Given material ::
====

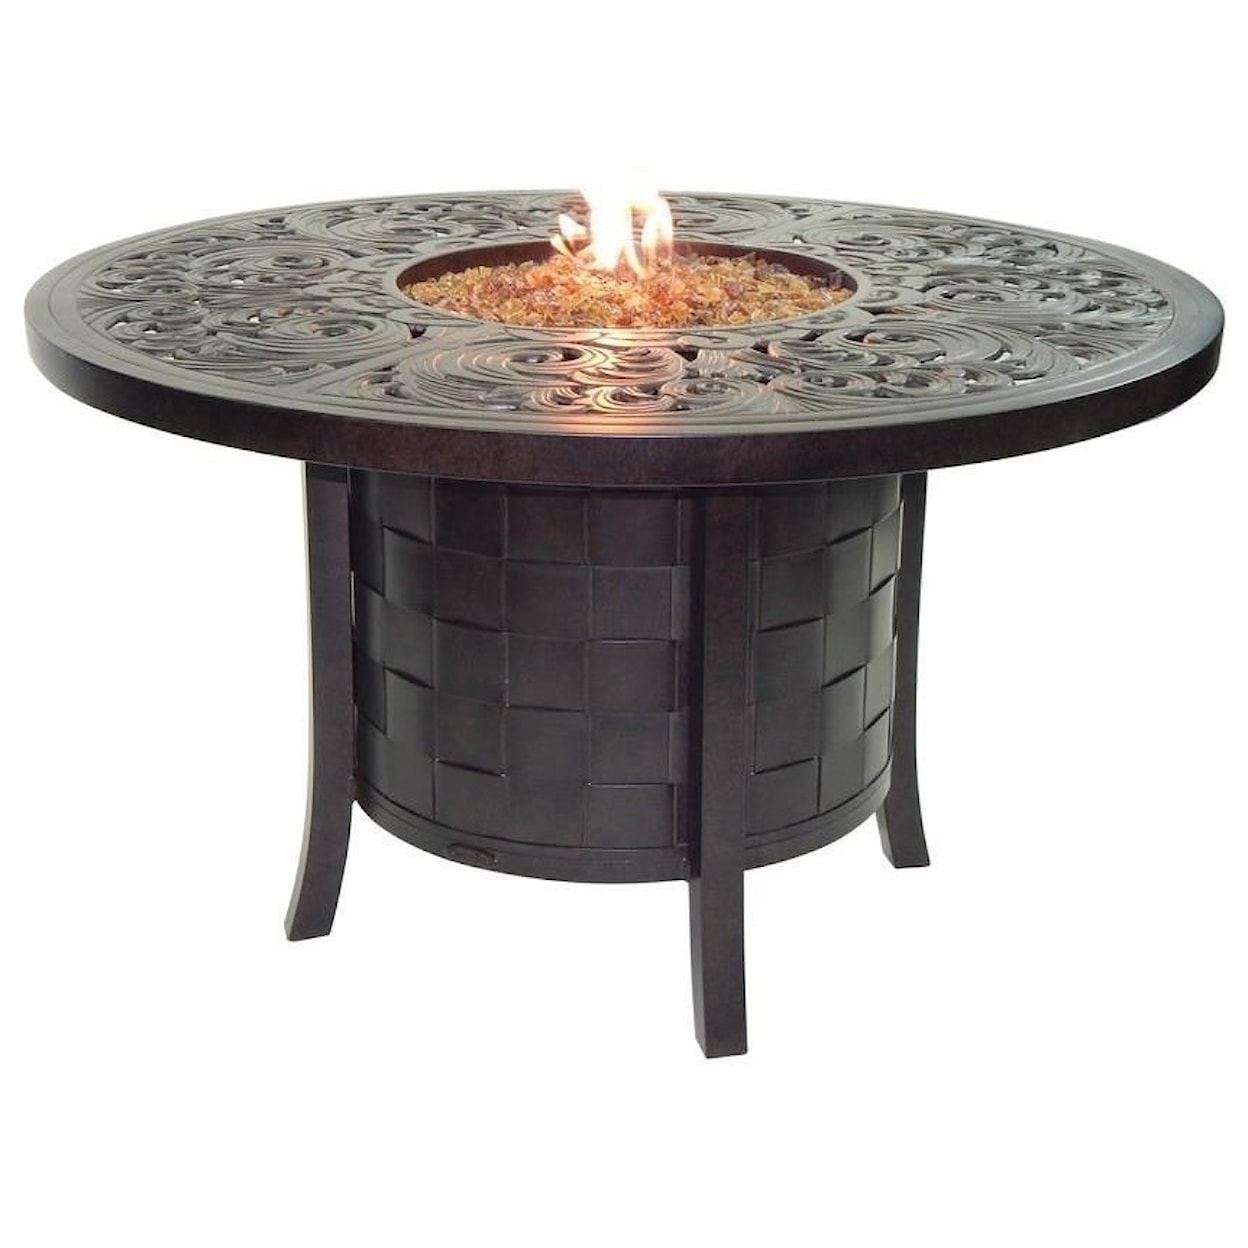 Castelle by Pride Family Brands Classical Firepits 49" Round Dining Table with Firepit
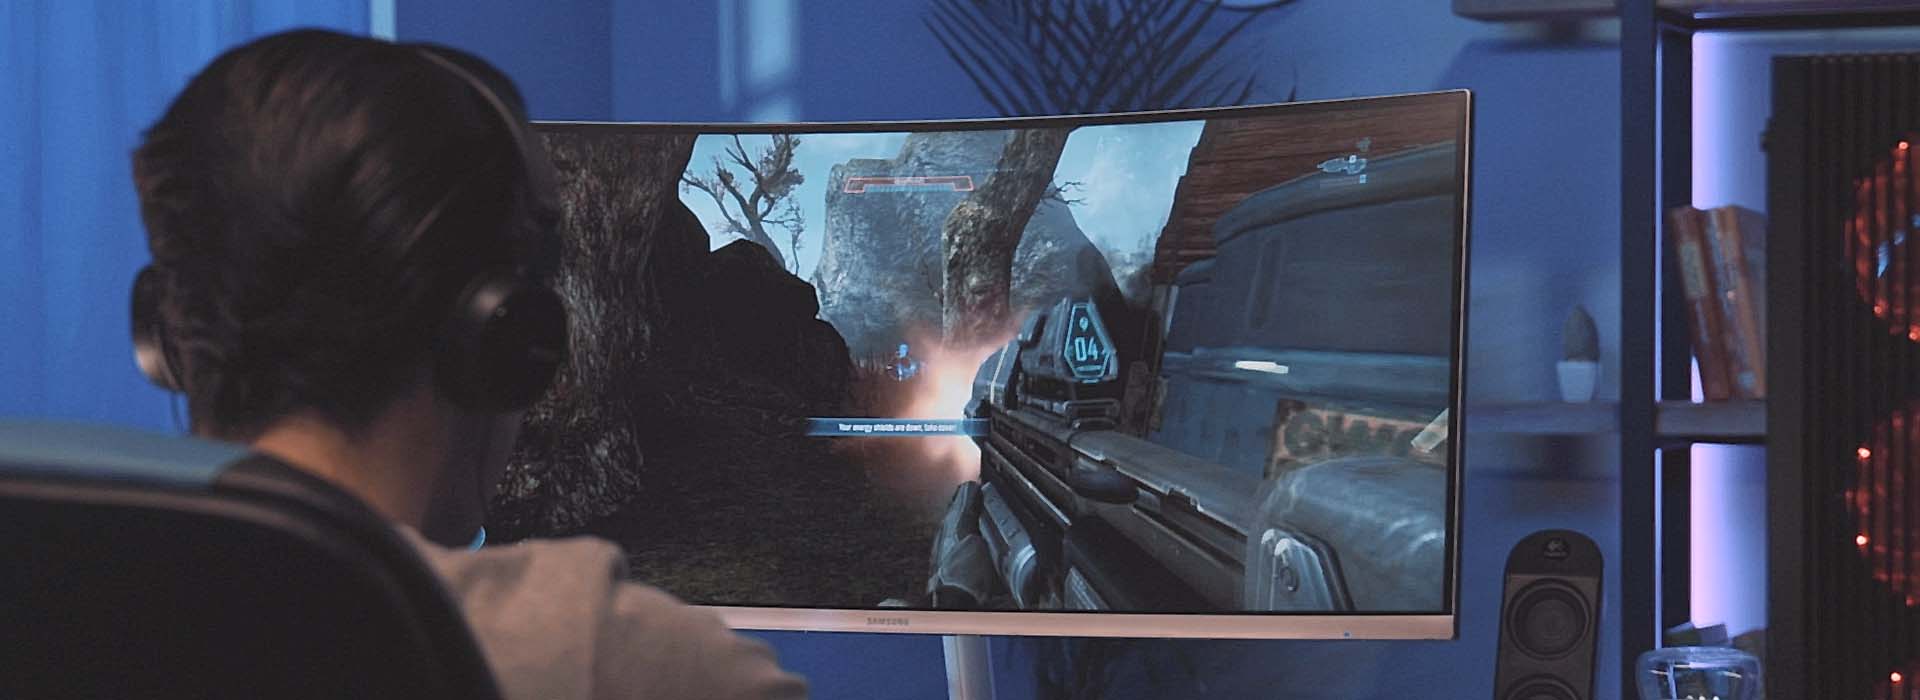 A man is seated in front of a Samsung gaming monitor playing a shooter game.
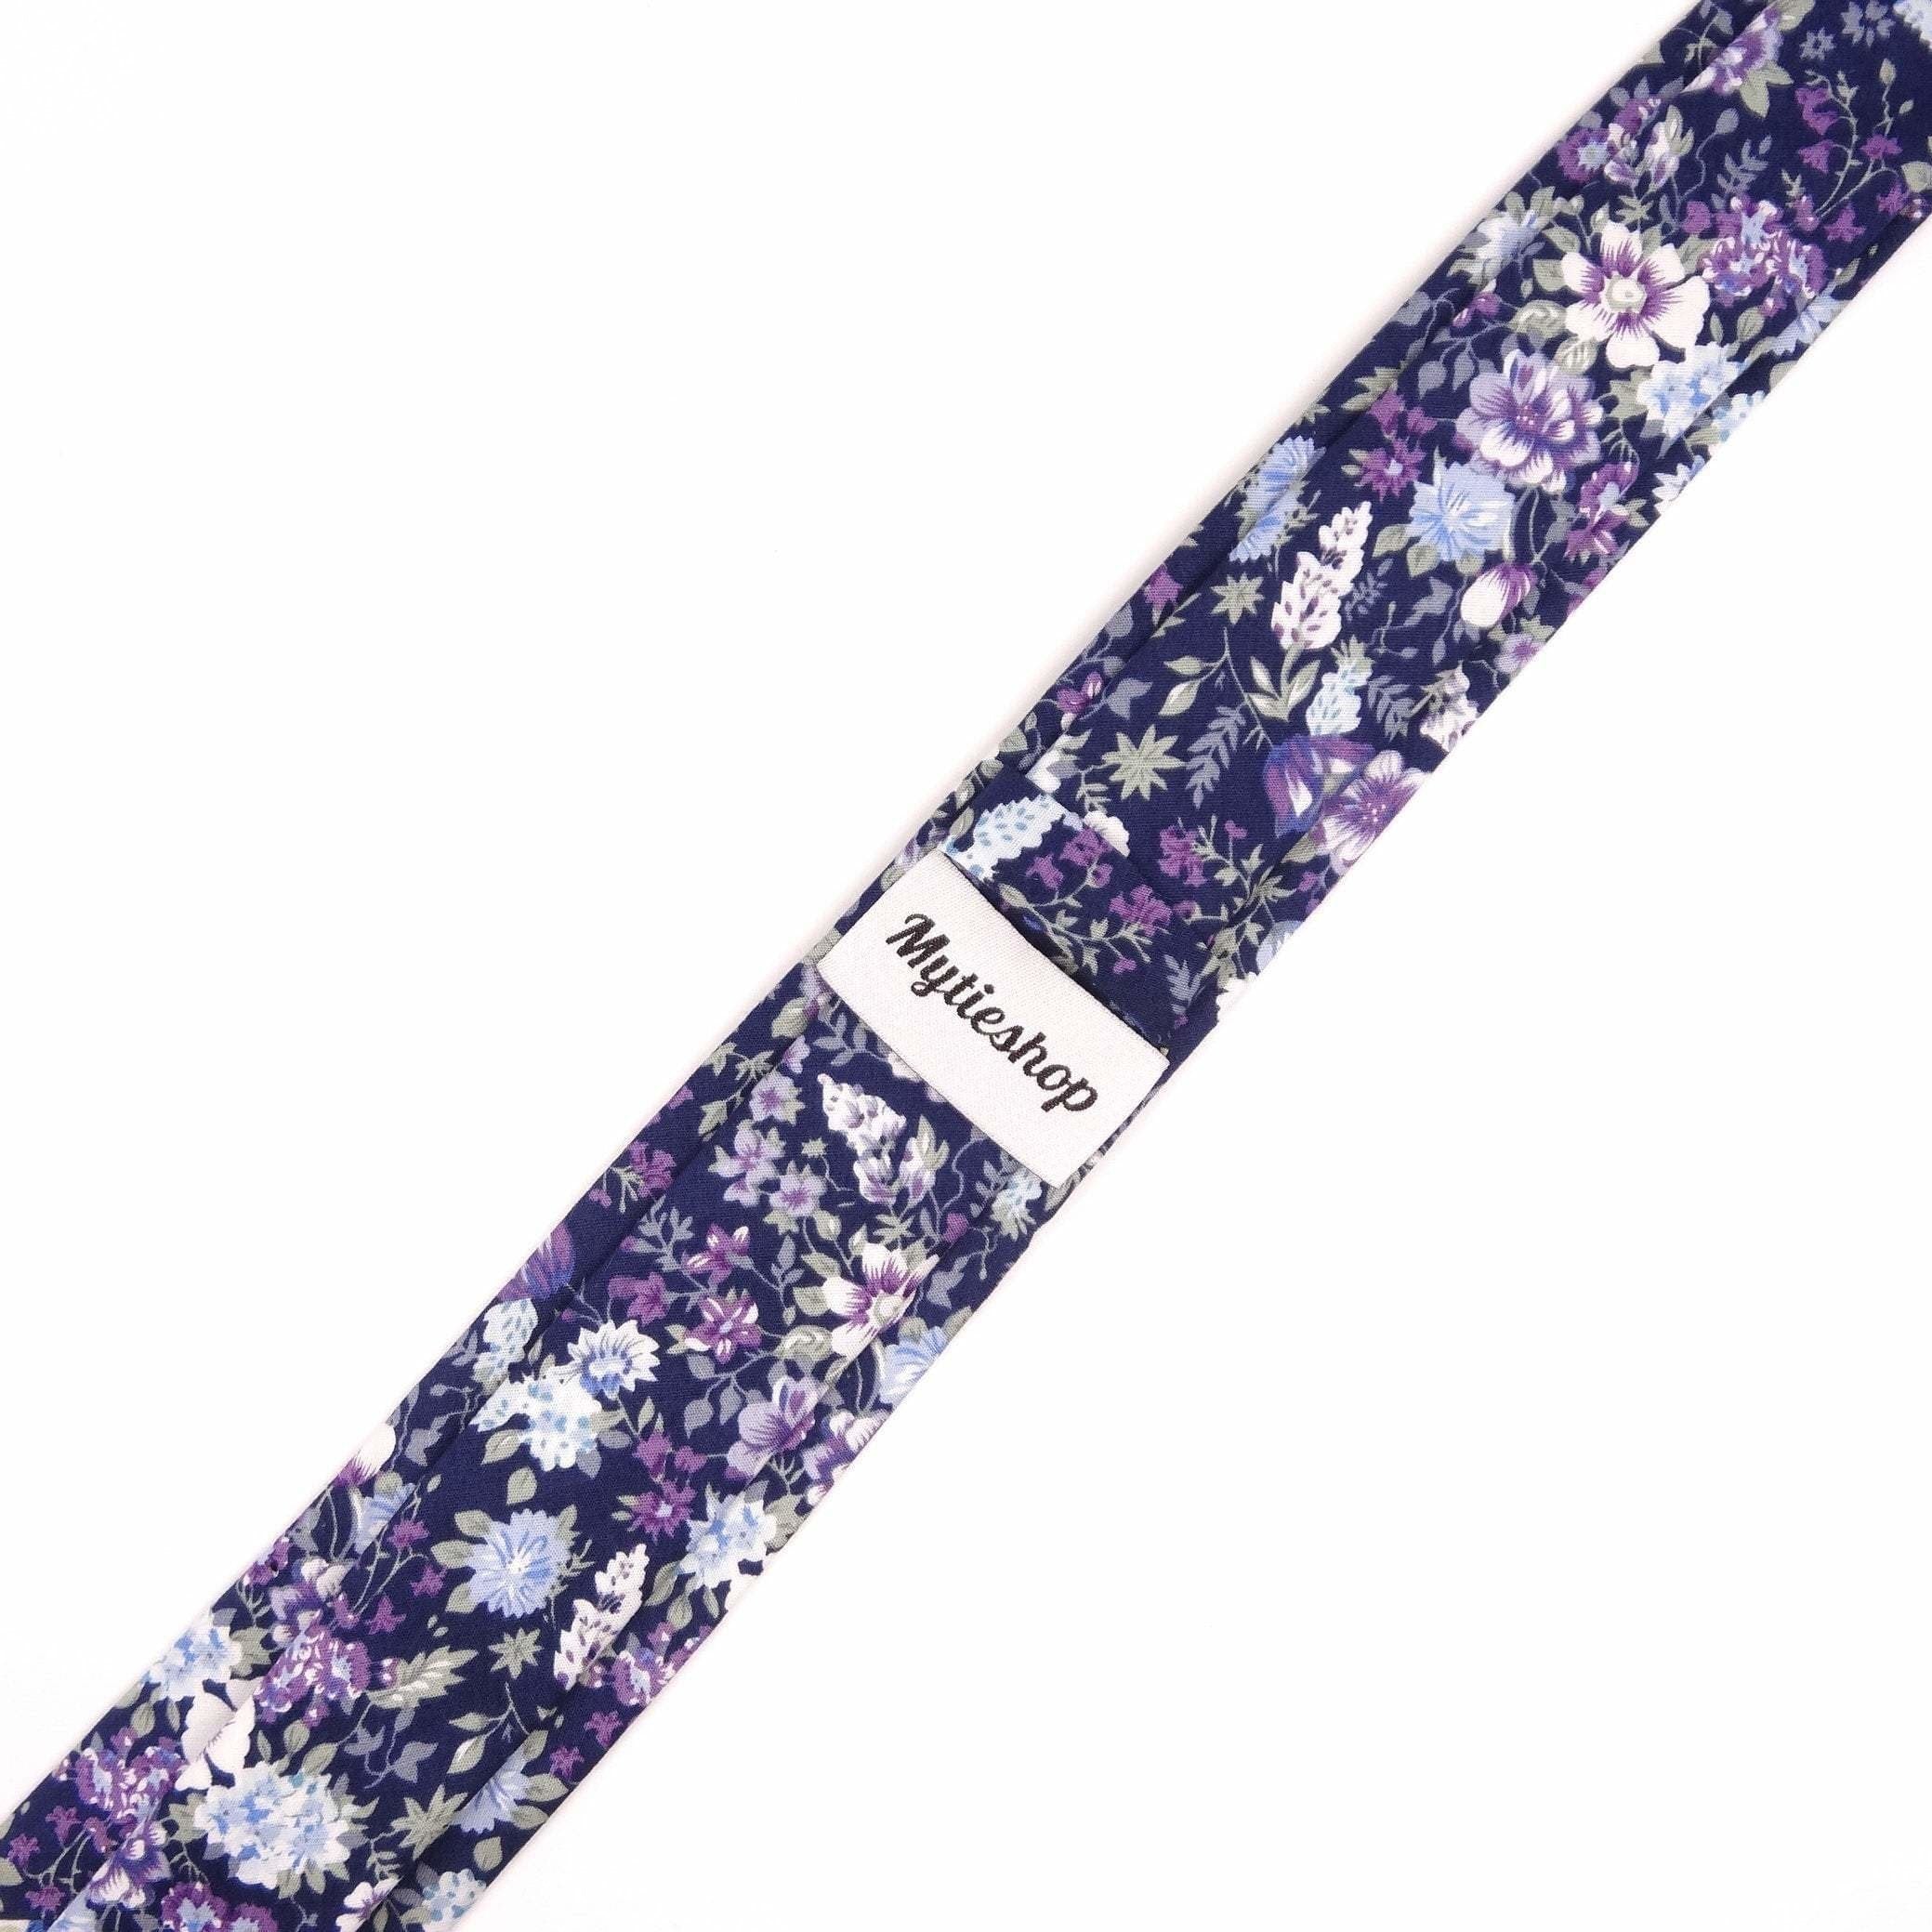 Purple floral tie men 2.36&quot; SWEET PEA - MYTIESHOP -Neckties-Purple floral tie men Men’s Floral Necktie for weddings and events, great for prom and anniversary gifts. Mens floral ties near me us ties tie shops cool tie-Mytieshop. Skinny ties for weddings anniversaries. Father of bride. Groomsmen. Cool skinny neckties for men. Neckwear for prom, missions and fancy events. Gift ideas for men. Anniversaries ideas. Wedding aesthetics. Flower ties. Dry flower ties.

====

What the task asks :: Omit the pictures, and quote the material above exactly as given.

Your response ::
 Castelle by Pride Family Brands Classical Firepits 49" Round Dining Table with Firepit
 A man is seated in front of a Samsung gaming monitor playing a shooter game.
 Purple floral tie men 2.36&quot; SWEET PEA - MYTIESHOP -Neckties-Purple floral tie men Men’s Floral Necktie for weddings and events, great for prom and anniversary gifts. Mens floral ties near me us ties tie shops cool tie-Mytieshop. Skinny ties for weddings anniversaries. Father of bride. Groomsmen. Cool skinny neckties for men. Neckwear for prom, missions and fancy events. Gift ideas for men. Anniversaries ideas. Wedding aesthetics. Flower ties. Dry flower ties.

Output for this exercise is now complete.